No, not really, I kinda stick with one until I get burned out and move on. I still prefer stuff like starcraft, battlefield bad company, warcraft, league of legends, etc. Been "gaming" ever since I bought my first nintendo. I never considered it a "sport" though. Never even thought league of legends was as big as it was until I saw the world series being broadcast and I saw the massive crowd. That was obviously more than your average gamer sitting at home on their console games.


----------



## sunni (Jan 5, 2013)

Krondizzel said:


> No, not really, I kinda stick with one until I get burned out and move on. I still prefer stuff like starcraft, battlefield bad company, warcraft, league of legends, etc.
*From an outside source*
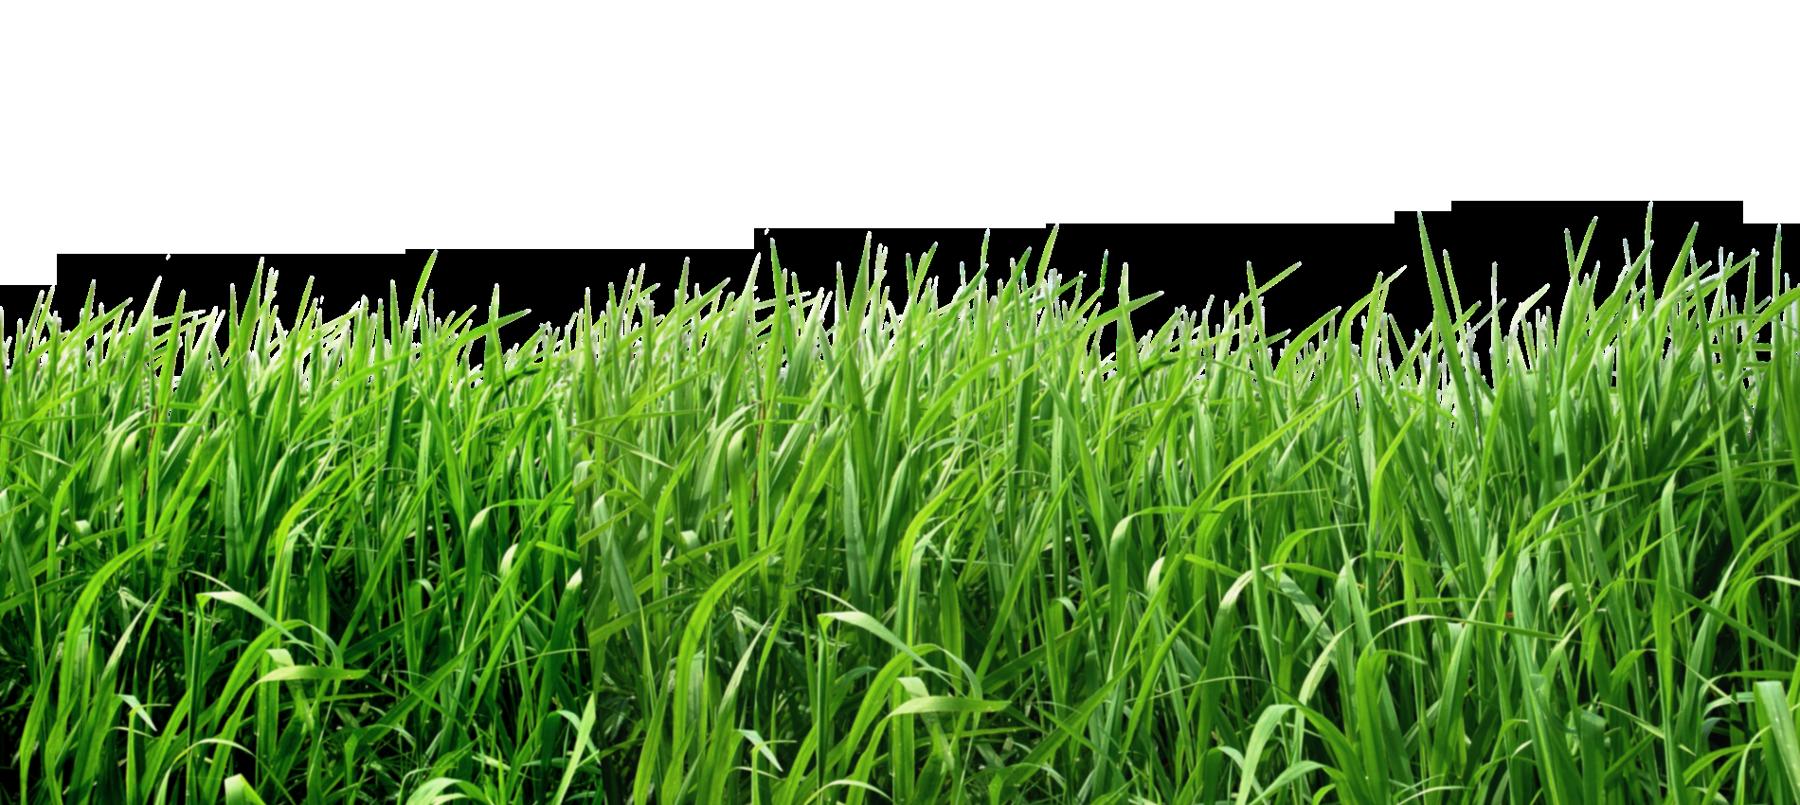 Grass PNG - 8624

Been "gaming" ever since I bought my first nintendo. I never considered it a "sport" though. Never even thought league of legends was as big as it was until I saw the world series being broadcast and I saw the massive crowd. That was obviously more than your average gamer sitting at home on their console games.
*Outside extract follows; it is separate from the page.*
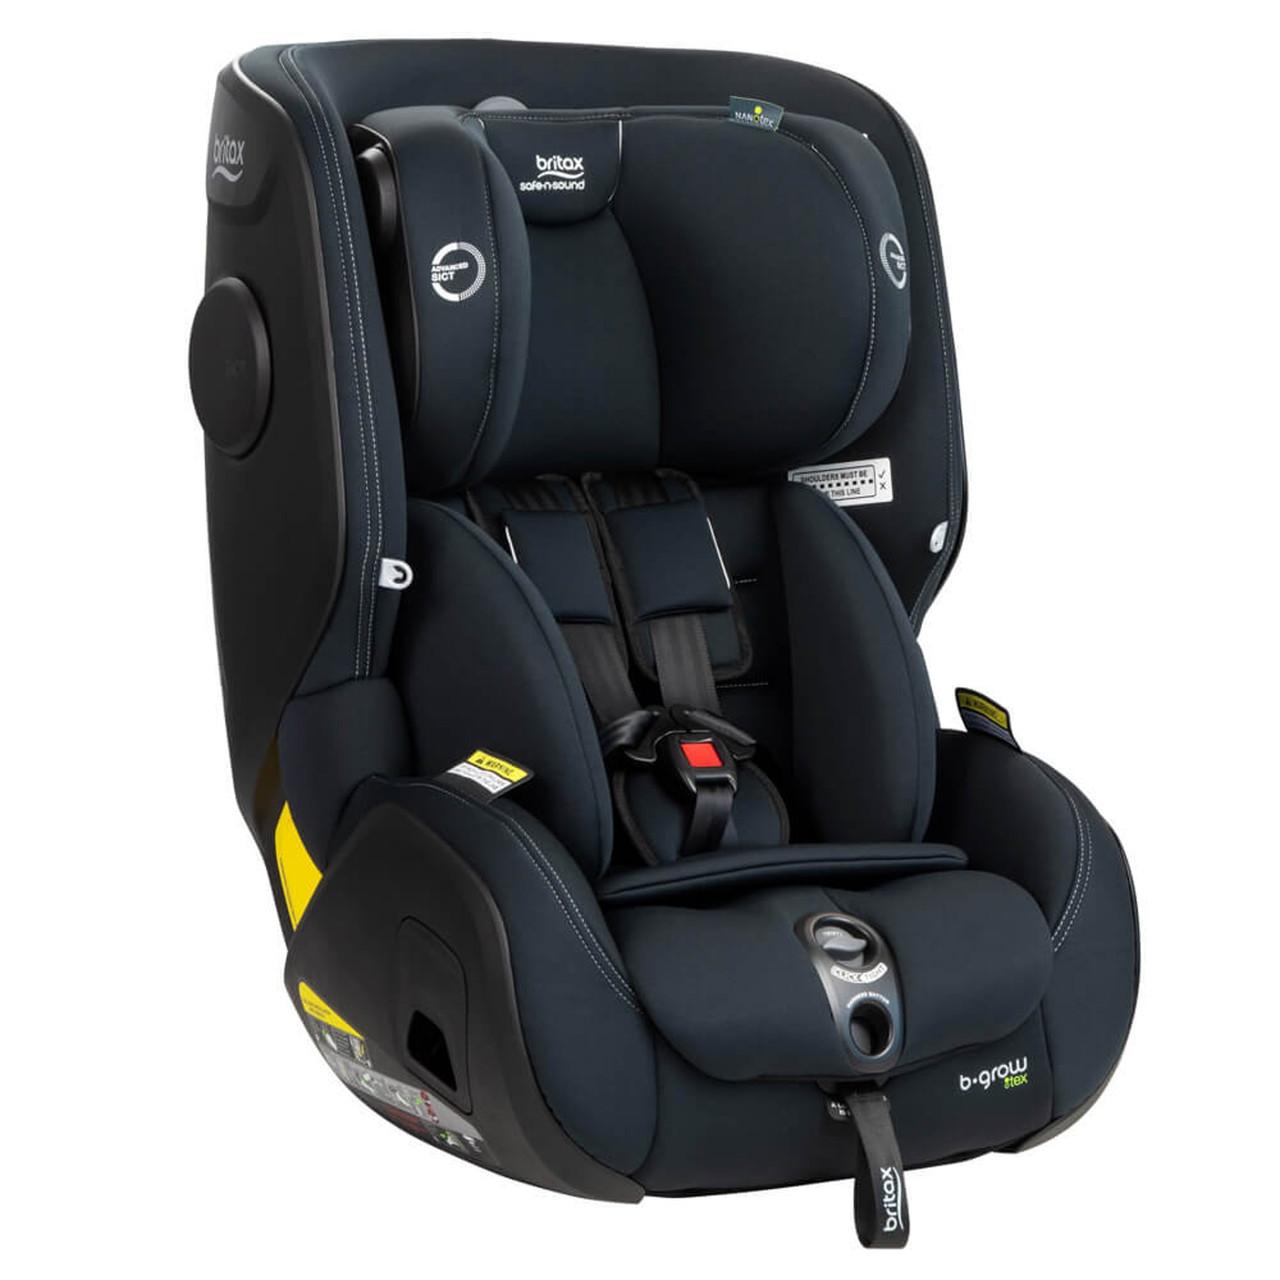 b grow click tight car seat

its quite big now , i watched the dota 2 championship i watched i think the game before the big finale game not sure what itscalled i dont do sports it was a sport term anyways there was 2 million people watching

and that was just on this website http://www.twitch.tv/ so whereever else they broadcasted too was probably had more viewers[video=youtube;VuV7CoKPRY4]http://www.youtube.com/watch?v=VuV7CoKPRY4[/video]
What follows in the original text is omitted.